The university provided some data but refused the bulk by claiming the requester was time-wasting. It would have been better off dealing with the request openly and using those exemptions in the FoI law which protect privacy or expending excessive resources. Instead, its appeal to the Scottish information commissioner was rejected. This is not the first time a university has tried to hide from FoI. The University of East Anglia breached the Freedom of Information Act when handling requests by climate change sceptics (the university escaped prosecution because the case came to light outside the six-month time limit for cases to be brought).

Other universities claim researchers will feel inhibited or endangered if forced to reveal their methodology or primary data. This strikes me as unlikely. The arguments reveal a discomfort with the higher level of accountability that exists in the digital age. There are plenty of exemptions in the FoI law for genuine issues of cost, privacy and confidentiality. Stirling’s attempt to refuse the request, calling it “vexatious”, smacks of fear. The research in question is funded with public money and conducted in the public’s name.

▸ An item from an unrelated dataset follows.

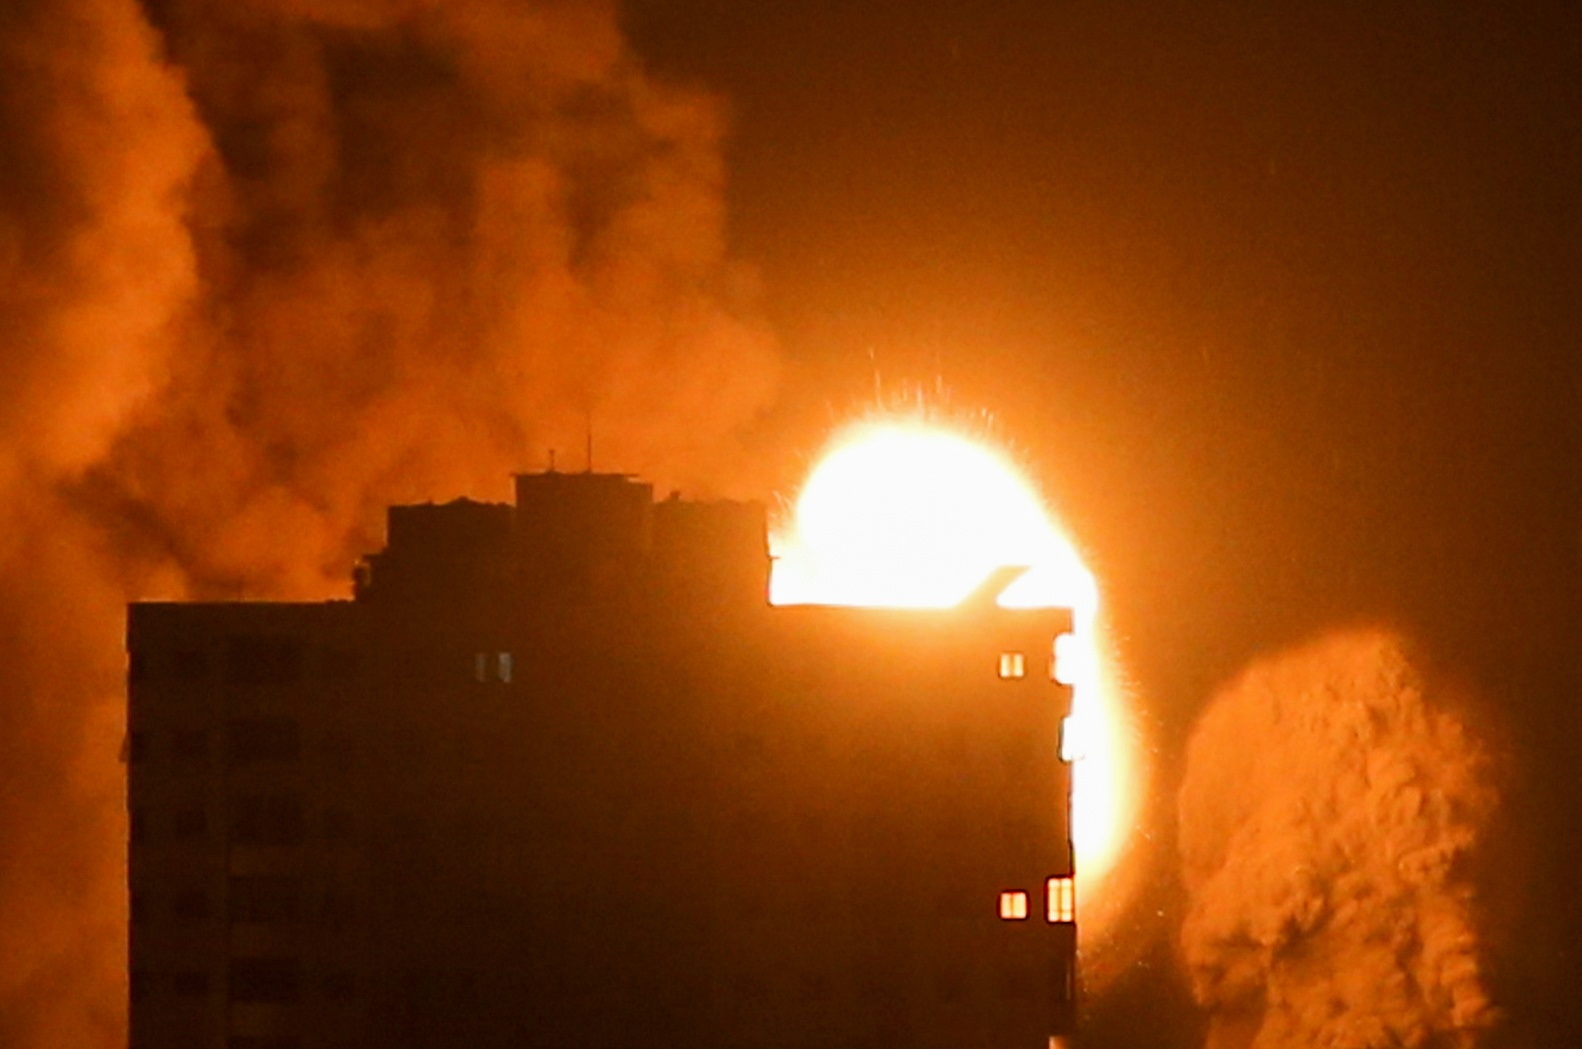 تصاعد النيران والدخان فوق المباني في مدينة غزة، جراء استهداف طائرات الاحتلال الإسرائيلي القطاع الفلسطيني، 17 مايو 2021. (رويترز / إبراهيم أبو مصطفى)

These reports often go on to become cornerstones in creating new legislation, so we should be allowed to interrogate the underlying facts.

Several FoI officers complain it’s unfair to the taxpayer to provide such data to a rich company like Philip Morris. Indeed there may well be concerns about what Philip Morris will do with the data, but if it’s available to all then we can see for ourselves if any attempt is made to “spin” it.

In the US, businesses are one of the biggest users of FoI and new industries are built on this universal access to official data. The ability to use and re-use official government data is a factor behind the remarkable growth of the US knowledge economy. The satellite navigation industry grew out of free GPS data obtained from the US government.

There’s a unique anti-business attitude in Europe in relation to FoI. Prof James Boyle of Duke University Law School told me: “European attitudes towards private commercialisation actually work against the idea of openness. In the US if the government hands out weather data for free and people make a ton of money off the back of it, everyone says, ‘Great! it’s good for the economy, good for us, good for the company’ … In Britain there’s a sense that the company has got something for free and now they’re making money out of it. ‘How terrible! They’re free-riding.’ They don’t see the overall economic benefit that comes from sharing information.”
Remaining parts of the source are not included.